**Data:**
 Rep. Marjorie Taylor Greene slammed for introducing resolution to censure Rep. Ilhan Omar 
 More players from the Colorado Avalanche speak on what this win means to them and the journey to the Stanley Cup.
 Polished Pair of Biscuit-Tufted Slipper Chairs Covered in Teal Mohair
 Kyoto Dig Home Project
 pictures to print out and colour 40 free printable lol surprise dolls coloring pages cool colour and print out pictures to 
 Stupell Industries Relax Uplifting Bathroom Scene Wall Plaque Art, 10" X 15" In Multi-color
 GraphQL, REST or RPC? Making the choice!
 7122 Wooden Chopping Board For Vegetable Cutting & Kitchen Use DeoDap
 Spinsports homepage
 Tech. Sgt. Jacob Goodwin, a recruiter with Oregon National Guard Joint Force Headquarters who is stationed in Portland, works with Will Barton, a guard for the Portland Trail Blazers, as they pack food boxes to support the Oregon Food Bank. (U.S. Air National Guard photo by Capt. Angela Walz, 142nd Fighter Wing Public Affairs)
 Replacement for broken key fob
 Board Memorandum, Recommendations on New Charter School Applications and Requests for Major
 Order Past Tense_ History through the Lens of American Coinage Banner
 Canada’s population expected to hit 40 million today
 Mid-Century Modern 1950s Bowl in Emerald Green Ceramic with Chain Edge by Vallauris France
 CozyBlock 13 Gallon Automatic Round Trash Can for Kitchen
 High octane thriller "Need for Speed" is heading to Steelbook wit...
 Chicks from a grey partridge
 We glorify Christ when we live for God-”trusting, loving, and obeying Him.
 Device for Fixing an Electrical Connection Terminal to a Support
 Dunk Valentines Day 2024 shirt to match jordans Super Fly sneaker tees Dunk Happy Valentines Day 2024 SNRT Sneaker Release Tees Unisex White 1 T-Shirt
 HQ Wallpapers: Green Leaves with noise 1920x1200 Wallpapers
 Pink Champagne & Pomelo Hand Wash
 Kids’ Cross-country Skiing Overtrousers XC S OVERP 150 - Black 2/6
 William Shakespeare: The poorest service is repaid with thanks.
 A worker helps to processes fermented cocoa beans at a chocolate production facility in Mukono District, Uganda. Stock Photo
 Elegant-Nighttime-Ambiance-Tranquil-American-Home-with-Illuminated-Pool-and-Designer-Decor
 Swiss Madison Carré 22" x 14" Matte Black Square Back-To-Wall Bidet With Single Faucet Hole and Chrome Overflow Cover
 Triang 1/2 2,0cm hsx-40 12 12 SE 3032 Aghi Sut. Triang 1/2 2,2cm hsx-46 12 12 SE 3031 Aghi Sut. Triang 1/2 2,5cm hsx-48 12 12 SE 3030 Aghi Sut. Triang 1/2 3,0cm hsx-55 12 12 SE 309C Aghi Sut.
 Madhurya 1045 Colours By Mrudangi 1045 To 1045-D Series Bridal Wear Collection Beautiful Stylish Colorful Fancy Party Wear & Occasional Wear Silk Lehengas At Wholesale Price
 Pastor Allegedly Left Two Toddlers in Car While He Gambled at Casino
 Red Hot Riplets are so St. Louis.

**Requirement:** Using only the data above, copy out the lines that include the word "Kitchen".

**Solution:**
 7122 Wooden Chopping Board For Vegetable Cutting & Kitchen Use DeoDap
 CozyBlock 13 Gallon Automatic Round Trash Can for Kitchen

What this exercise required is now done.